Global rice prices are rising again, raising fresh concerns over food inflation in emerging markets. Benchmark Thai white rice jumped about 20 percent in May, marking its sharpest monthly increase since 2008. Chicago rice futures also rose by around 15 percent over the same period.
The move matters because rice is not just another agricultural commodity. It is a staple food for more than half of the world’s population. Even a limited supply shock can quickly affect household budgets, import bills and inflation expectations across Asia, Africa and parts of the Middle East.
Supply pressure is building
The latest rise reflects several pressures hitting the market at once. In parts of Asia, post-harvest supply has tightened. Some millers have been reluctant to sell, while exporters have moved to cover short positions. This has pushed prices higher in a relatively short period.
The larger concern is production cost. Rice farming depends heavily on fertilizer, fuel, irrigation and transport. Disruptions around the Strait of Hormuz have added pressure to energy and fertilizer markets, increasing costs for farmers.
Higher fertilizer prices create a direct risk for future harvests.
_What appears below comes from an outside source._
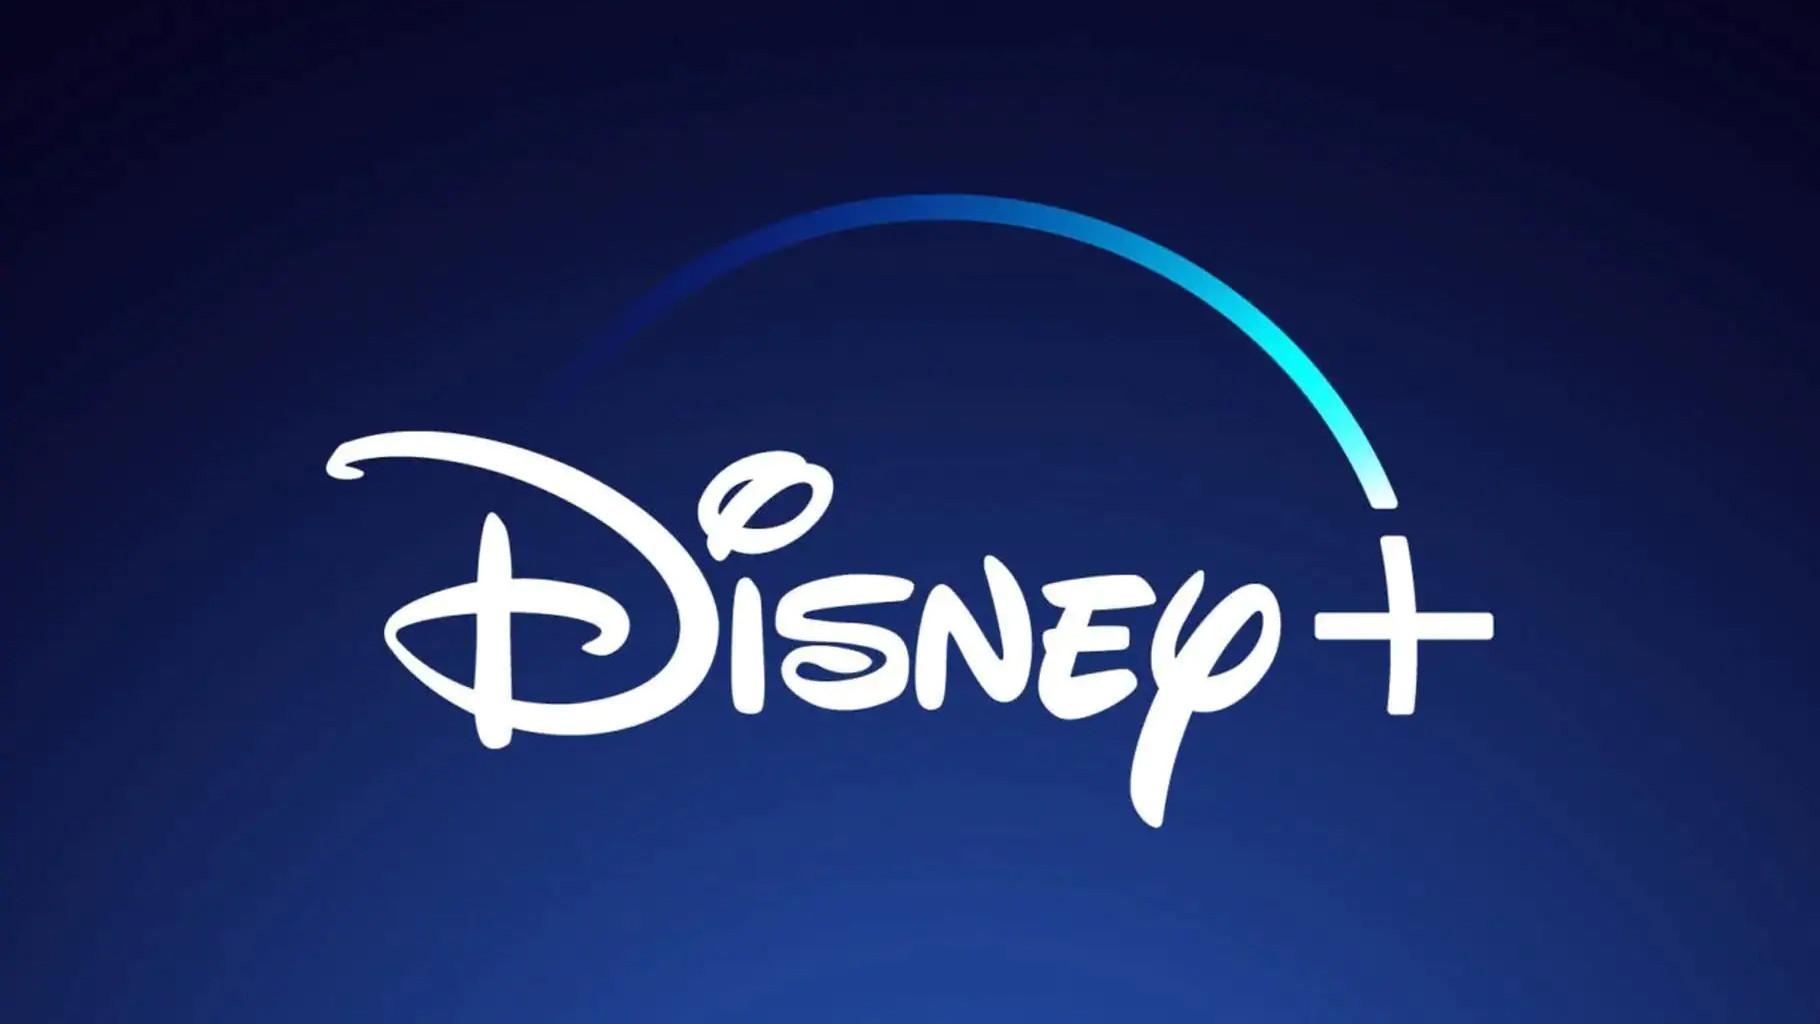 Disney Plus Probe

Farmers may reduce planting, cut fertilizer use or delay investment. All three choices can lower yields and make the global rice balance more fragile.
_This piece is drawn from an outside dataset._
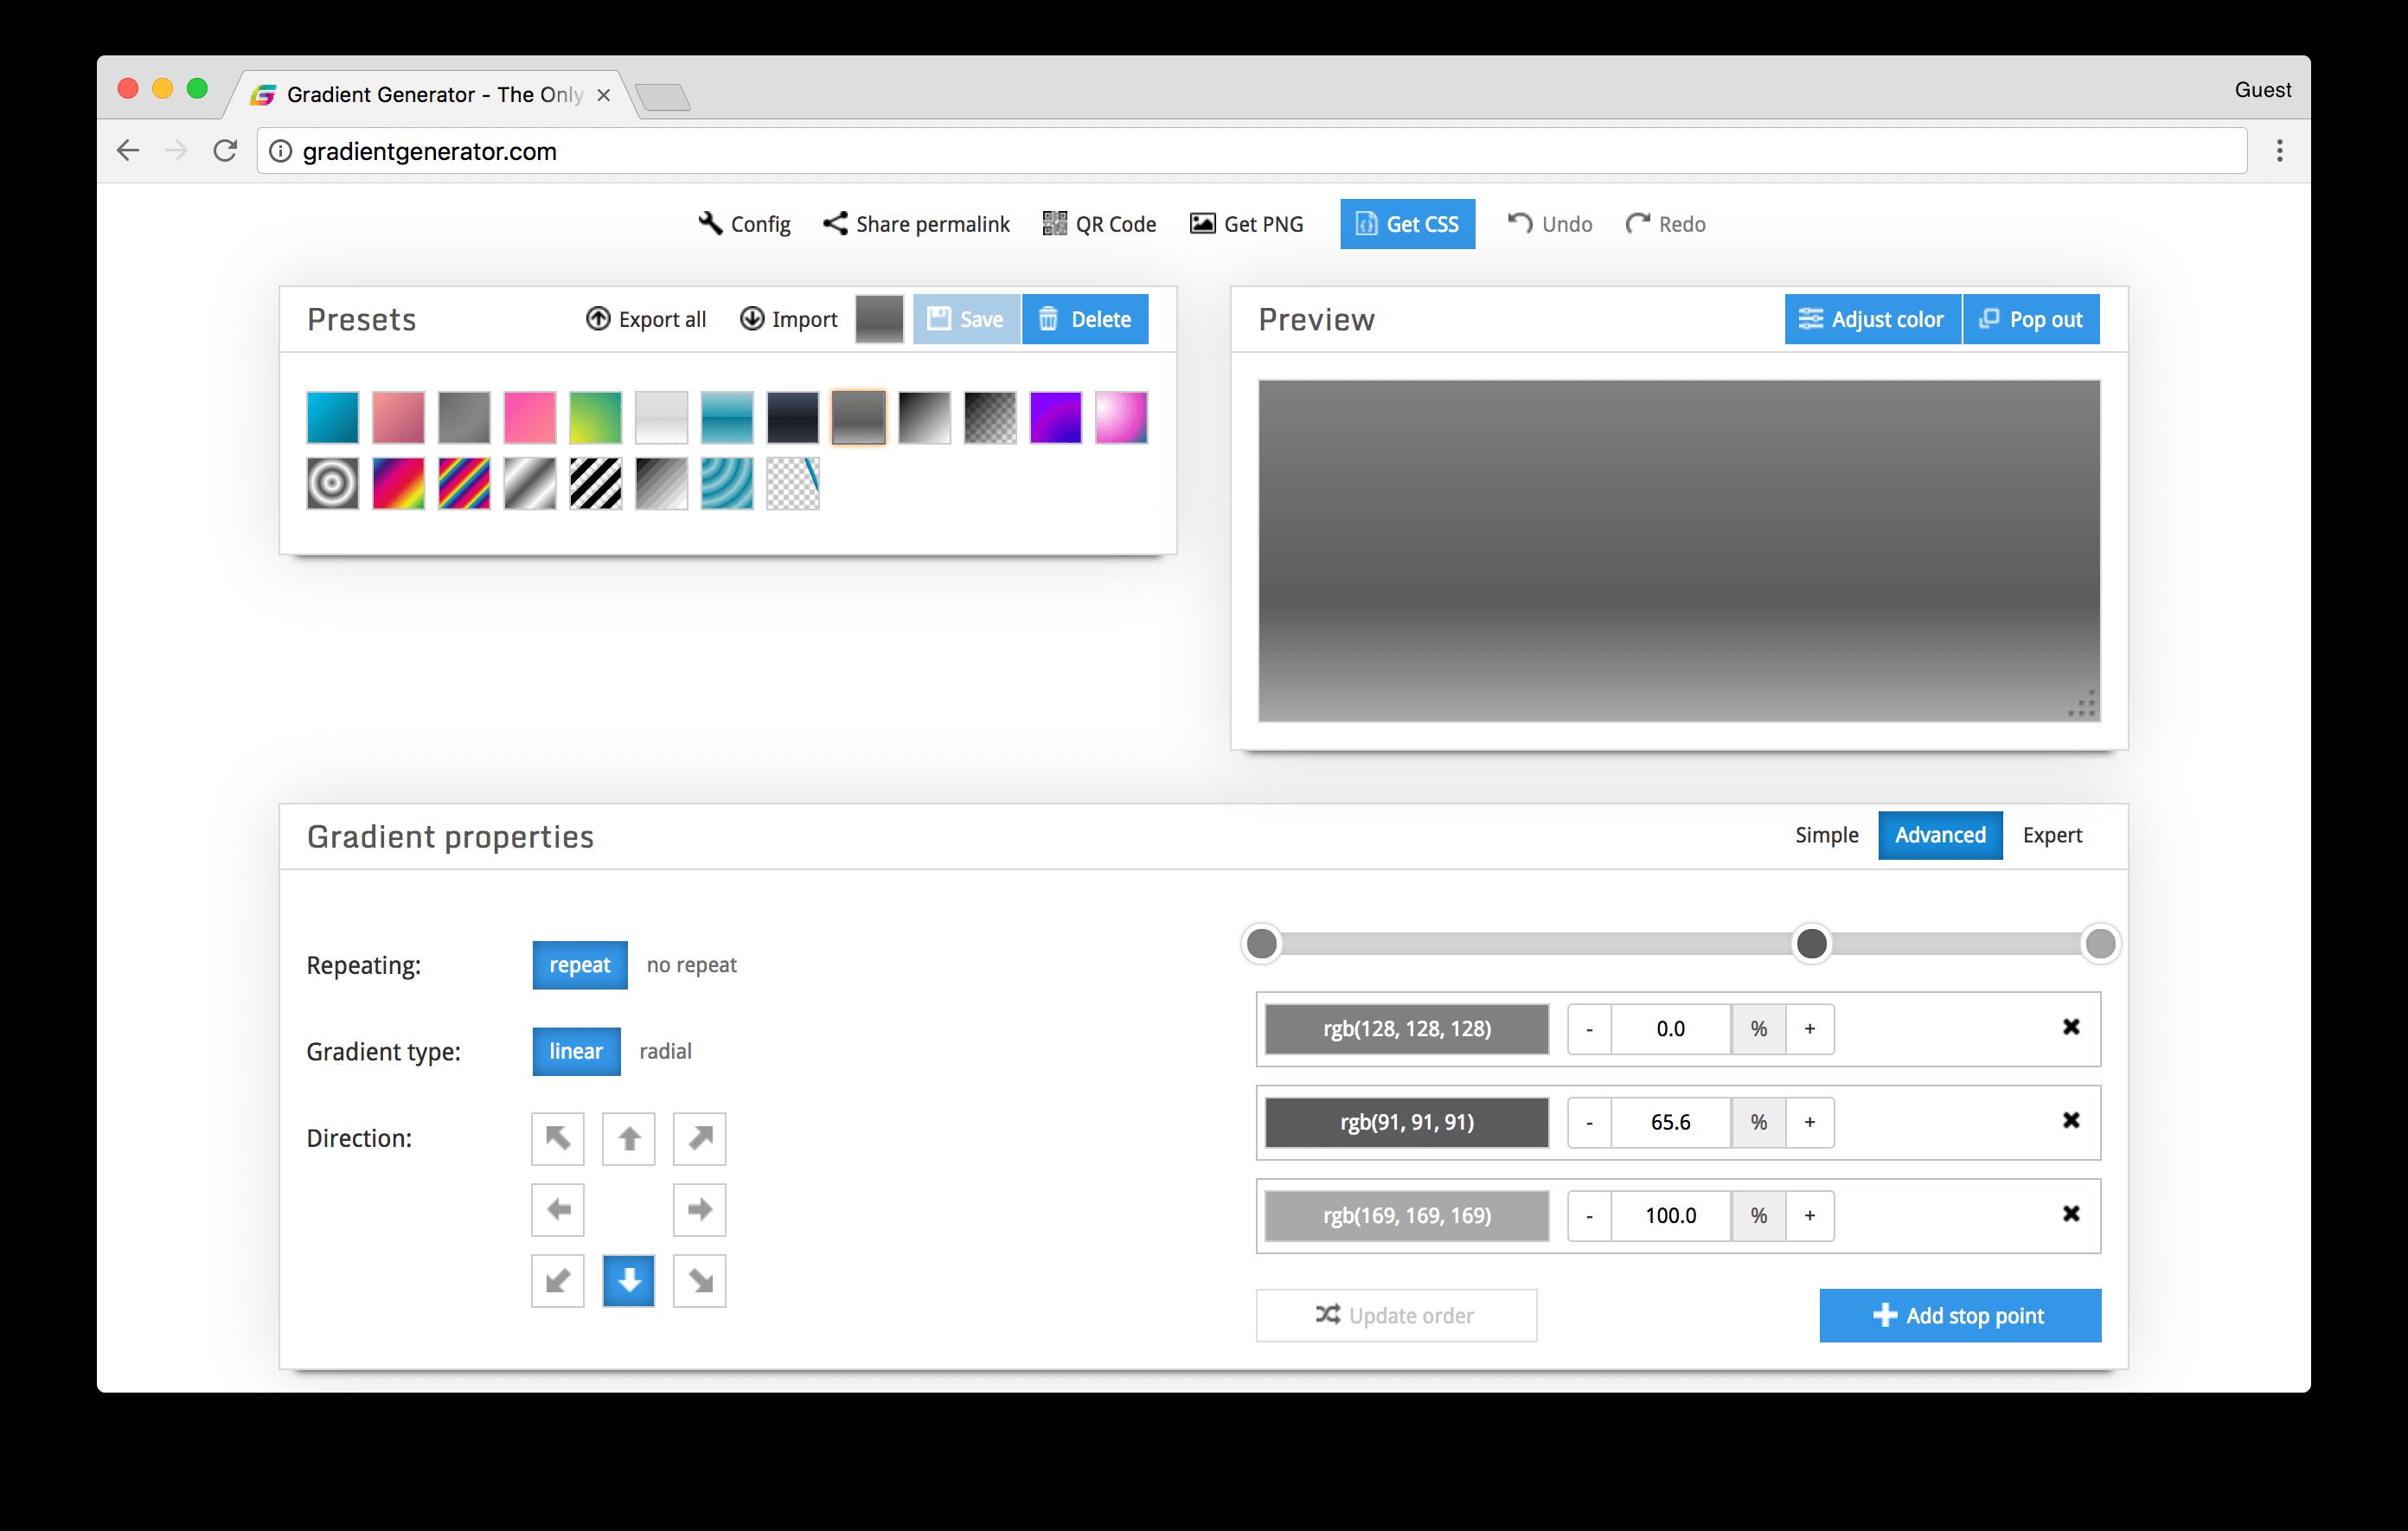 gradientgenerator.com

El Niño could make the second half more difficult
Weather is now the main risk for the second half of 2026. Forecasts point to a high probability of El Niño conditions developing and lasting into the 2026-27 winter.
For rice markets, this is significant. El Niño can bring hotter and drier weather to parts of Southeast Asia. Thailand, Vietnam, India, the Philippines and Indonesia are all central to global rice supply and demand. Any serious disruption in these countries can move prices quickly.
The market is therefore not only reacting to current supply. It is also pricing in possible damage to future harvests.
Import-dependent countries face the highest risk
The inflation impact will be strongest in countries that rely on rice imports. The Philippines, Indonesia and several African economies are especially exposed. In these markets, rice prices feed directly into food inflation and household spending.
If rice continues to rise, governments may face pressure to intervene through subsidies, import tax cuts, stock releases or export controls. Central banks could also face a harder policy environment. Persistent food inflation reduces room for interest rate cuts and increases pressure on lower-income households.
2008 remains the warning signal
The comparison with 2008 is important, but it should not be overstated. The world is not yet facing a repeat of the 2008 rice crisis, when export restrictions and panic buying pushed prices sharply higher and triggered social unrest in some countries.
Global stocks still offer some protection. But the current price movement shows how vulnerable the market remains when energy costs, fertilizer prices, weather risks and trade routes come under pressure at the same time.
Rice is becoming a key signal for the global economy again. If prices keep rising into the second half of 2026, the issue will move beyond agriculture. It will become a food security, inflation and political stability problem.